Tuesday, March 24, 2009

Part 2

When you look through a kaleidoscope, the clearest point is always the center. The edges are blurred. Twisting the kaleidoscope never makes the edges clear; it only makes the image in the center blur until it changes. When I think about Isaac's birth and short life, I feel as if I'm squinting through a kaleidoscope. I so desperately want every detail to be clear, but the more I twist the scope, the less it helps. For CJay and me it seems essential to recall the finer points. We don't want to forget, but there's so much we can't remember. It happened so fast. That's why I'm writing everything down now. I'm afraid my memory will fail and I won't remember how funny it was, even with all the tension, to hear Isaac kicking the fetal monitor. It was so loud that we jumped every time. Even the nurse jumped. I just don't want to forget those details.

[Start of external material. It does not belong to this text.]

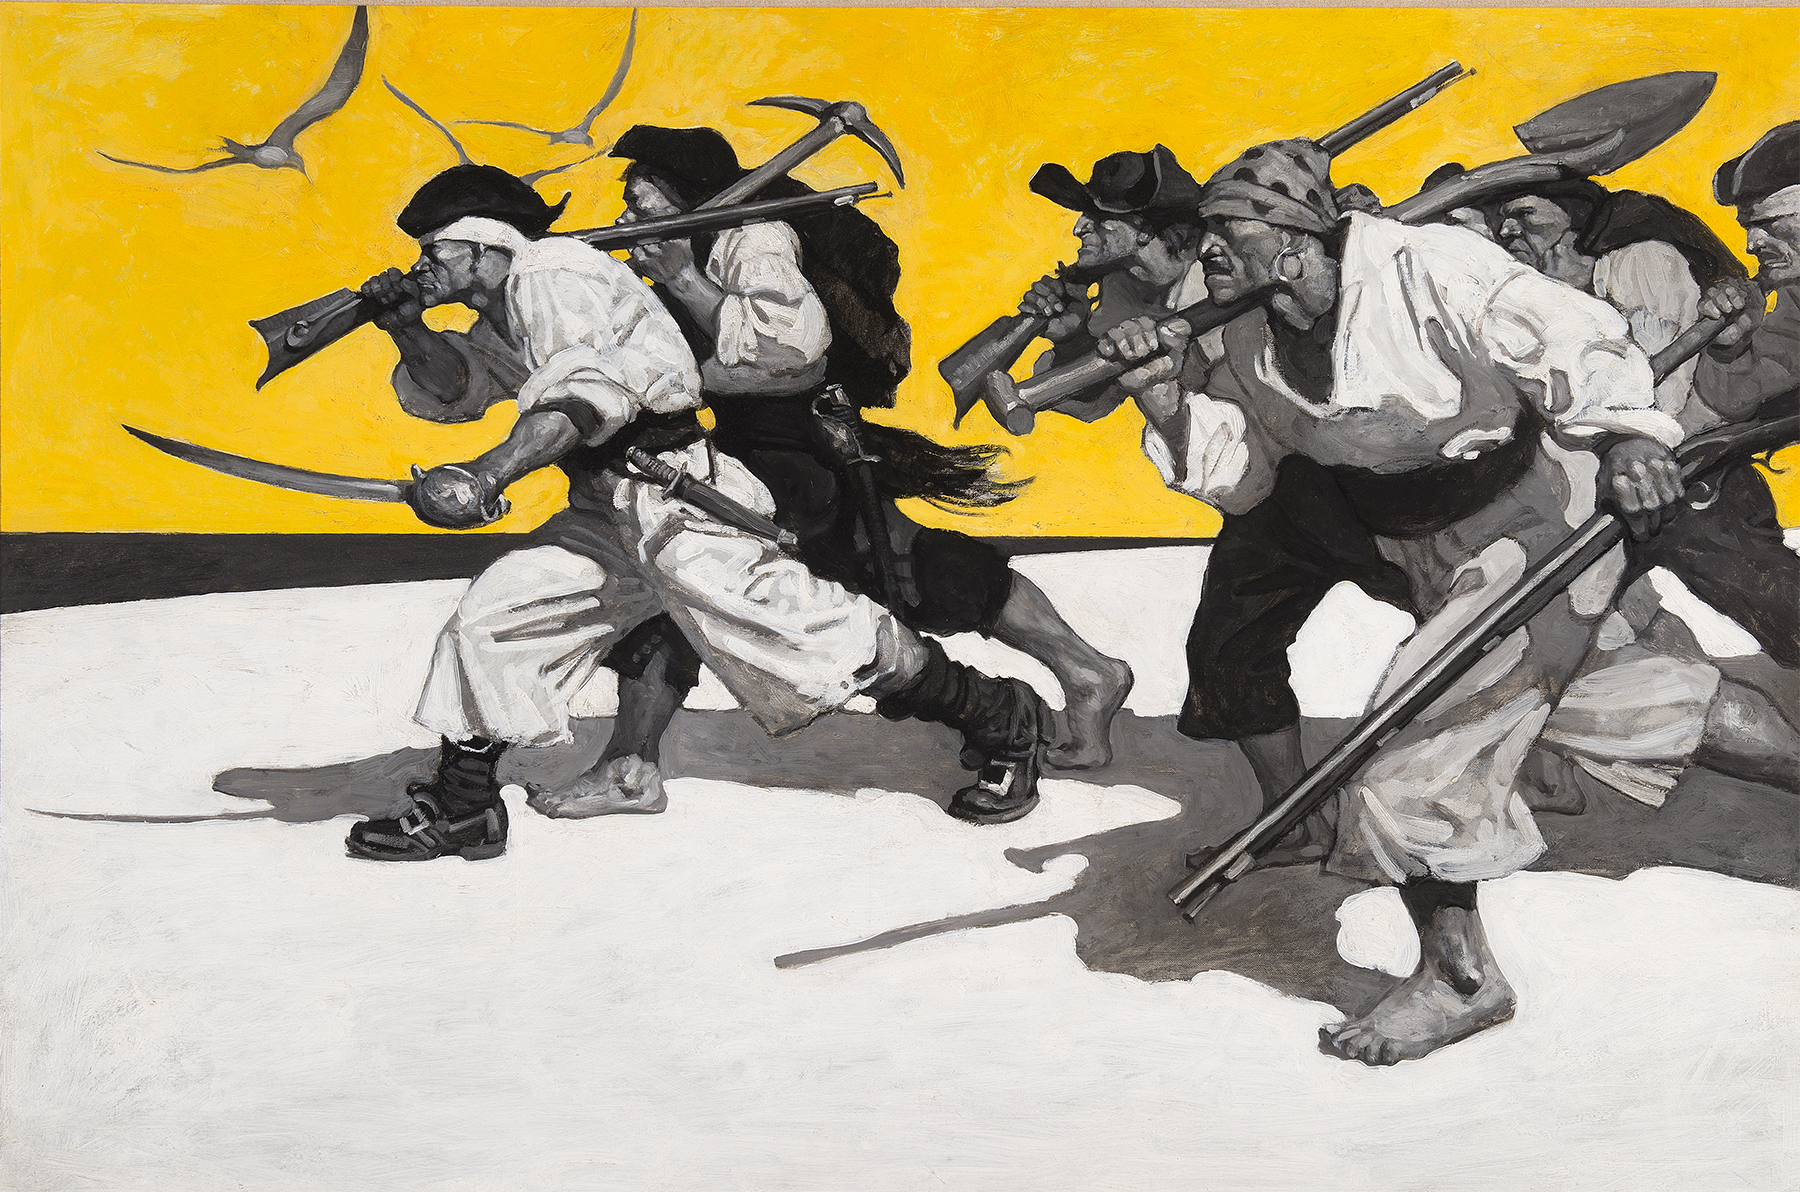 A black and white group of pirates holding weapons walk on a beach among a pure yellow sky.

The nurse walked me to the OR while CJay went to scrub. I looked up at the clock in the OR right before I got the spinal block. It was 1:24 a.m. As soon I was flat on the table, I focused in on what the doctors were saying. The baby's heart rate was dropping fast. It seemed like hours before CJay came in the room. The nurse was making him walk slowly - I could hear her talking to him - but I wanted to scream at CJay to run. There was urgency in the entire room and he should be running. When he finally sat down, he said my mom was there. Just in time. I felt better just knowing she was out there.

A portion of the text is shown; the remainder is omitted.